After the diagnosis of preeclampsia, further tests are needed. Examinations and questions are made to determine whether the brain (headache, vision problems or vomiting), lungs (shortness of breath, rapid breathing, signs of lack of oxygen, cyanosis), liver (pain in the liver area, vomiting), kidneys (protein leakage in the urine and decreased urine output: less than 500 ml in 24 hours) are affected, and tests are performed to determine whether there is liver and kidney damage or disseminated intravascular coagulation disorder.

Since the development of the baby in the womb may be negatively affected by inadequate placenta formation, the baby would also need to be evaluated. For this purpose, the fetus is evaluated with fetal ultrasonography. Fetal growth restriction (babies being small compared to their peers), whether there is a decrease in amniotic fluid, evaluation of arterial and venous blood flow in the umbilical cord and other parts of the baby with a doppler, and evaluation of blood flow in the vessels leading to the uterus with a doppler are also procedures that can be performed during the diagnosis of preeclampsia.

How is Preeclampsia Treated?

The only treatment for preeclampsia is delivery and removal of the placenta. Delivery is the best approach for both mother and baby in full-term pregnancies, meaning that the pregnancy has been completed. However, in pregnancies that have not yet reached full-term, delivery also brings with it the risks of premature birth, meaning prematurity, for the baby. Therefore, in cases of preterm preeclampsia, the timing of delivery will require a more detailed and comprehensive approach.

In order to help us with the diagnosis and treatment of patients, preeclampsia cases are also categorized. In cases diagnosed with preeclampsia, if the findings called severe preeclampsia symptoms develop, this is called "severe preeclampsia" and the decision to deliver is on the agenda. If there are no severe preeclampsia symptoms and the pregnancy has not yet reached term, then close monitoring is aimed for whether severe preeclampsia symptoms develop until term. If severe preeclampsia symptoms or signs develop during follow-up, it will again be necessary to make a decision to deliver.

Preeclampsia follow-up and treatment must be carried out in a fully equipped tertiary center under the supervision of a perinatology (high-risk pregnancy) specialist, where there are also specialists such as neonatologists, anesthesiologists, etc. who may be needed, and where there are intensive care conditions for the mother and baby.

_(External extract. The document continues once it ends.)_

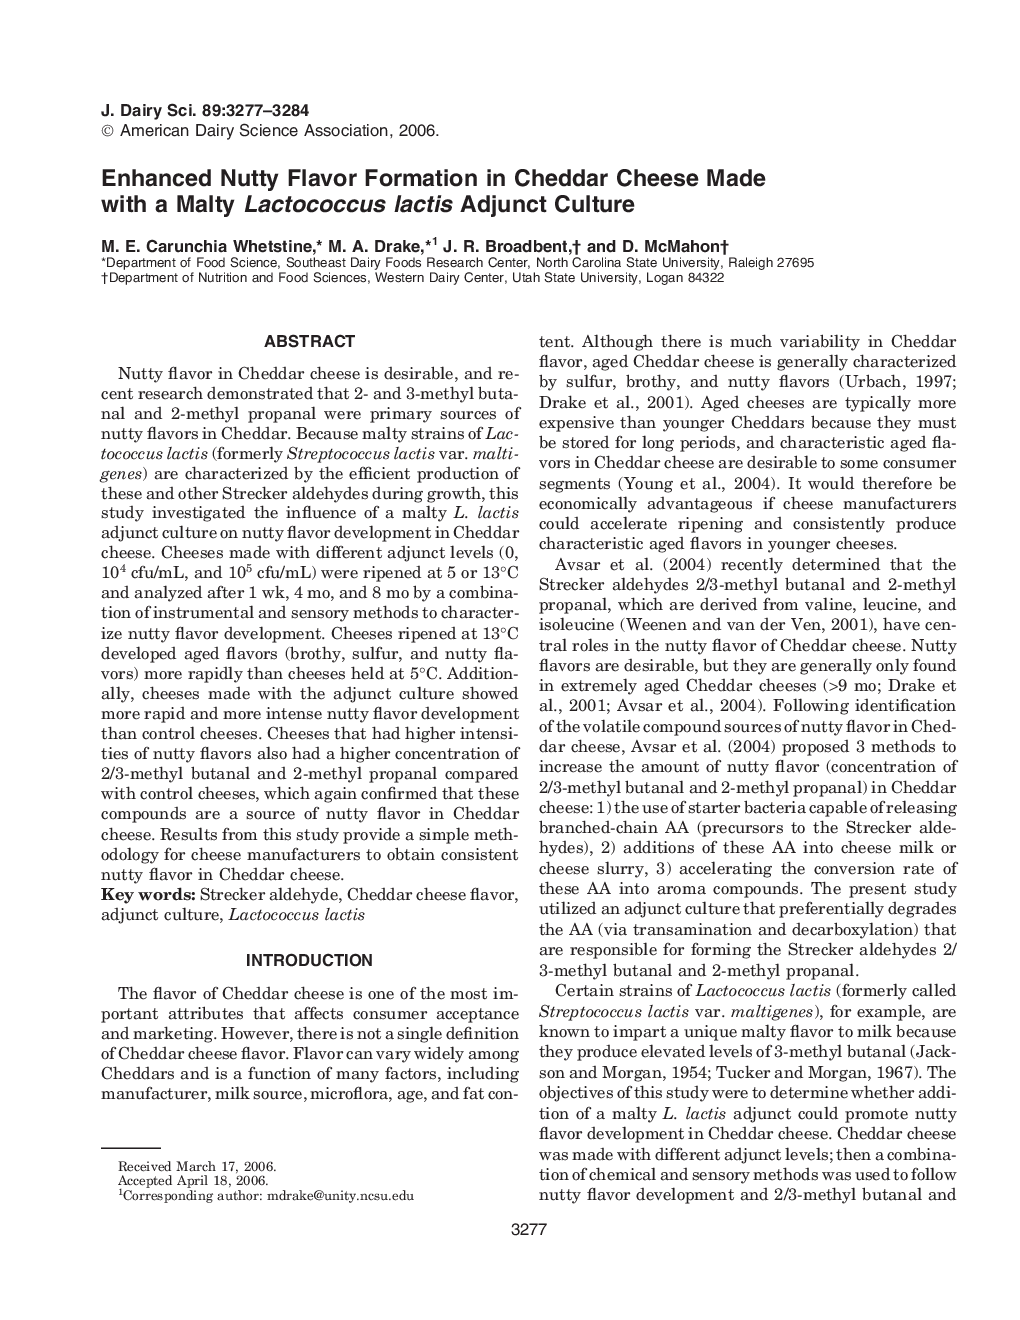 Enhanced Nutty Flavor Formation in Cheddar Cheese Made with a Malty Lactococcus lactis Adjunct Culture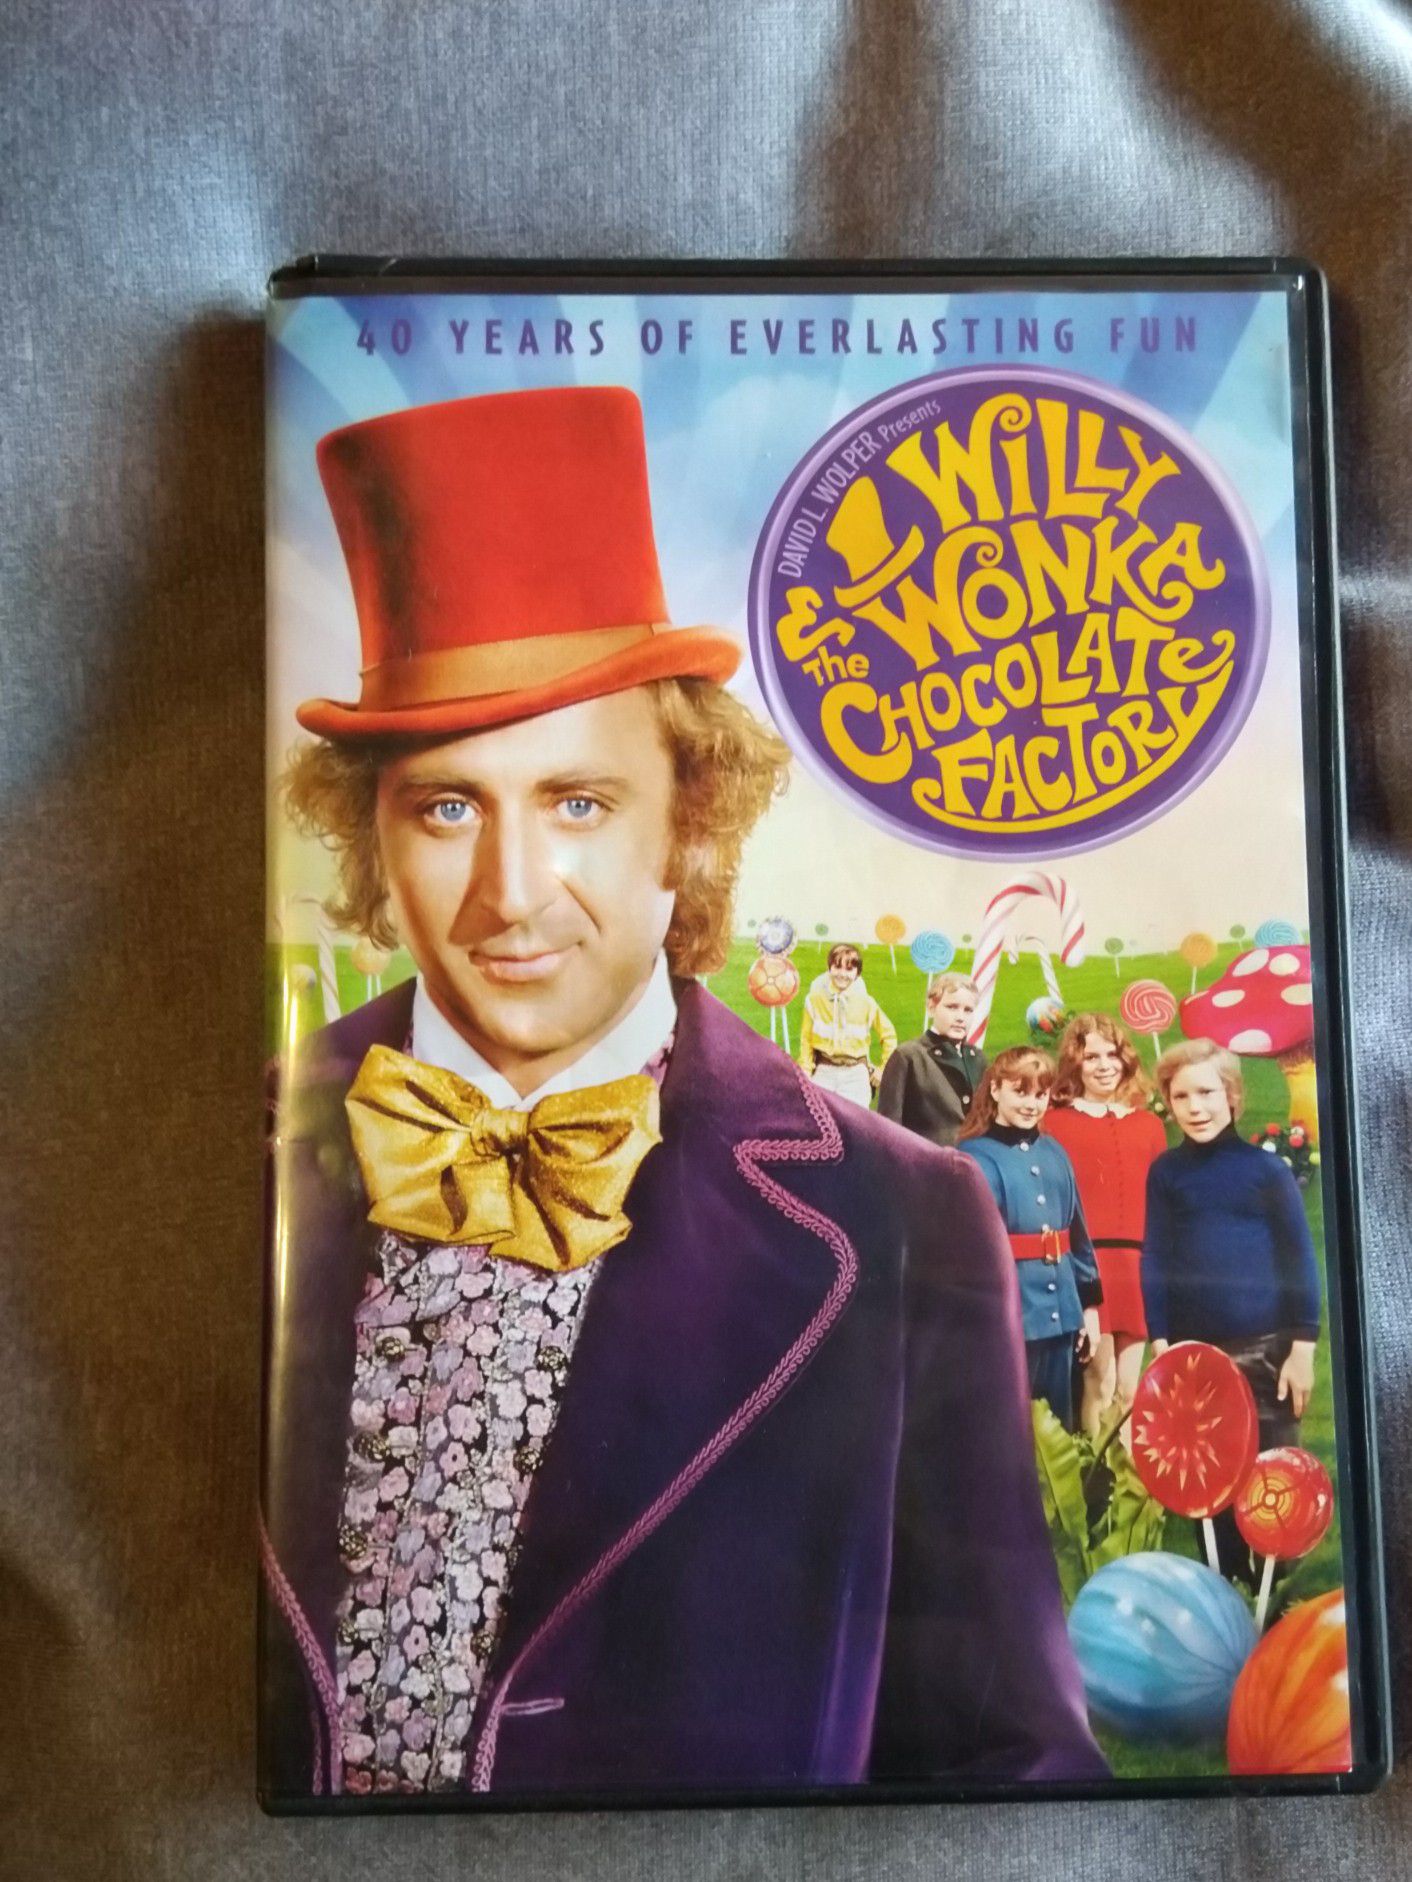 Willy Wonka and the chocolate factory

Can Preeclampsia Be Prevented?

Preventive medications are currently available for pregnant women who are at high risk of developing preeclampsia. Especially in the groups described above that are at high risk of developing preeclampsia, the use of acetylsalicylic acid starting from early pregnancy until late pregnancy (32-36 weeks) can reduce the risk of developing both preeclampsia and severe preeclampsia. Therefore, it would be beneficial for all women planning a pregnancy to visit a perinatologist and have their situation assessed during the planning phase before getting pregnant.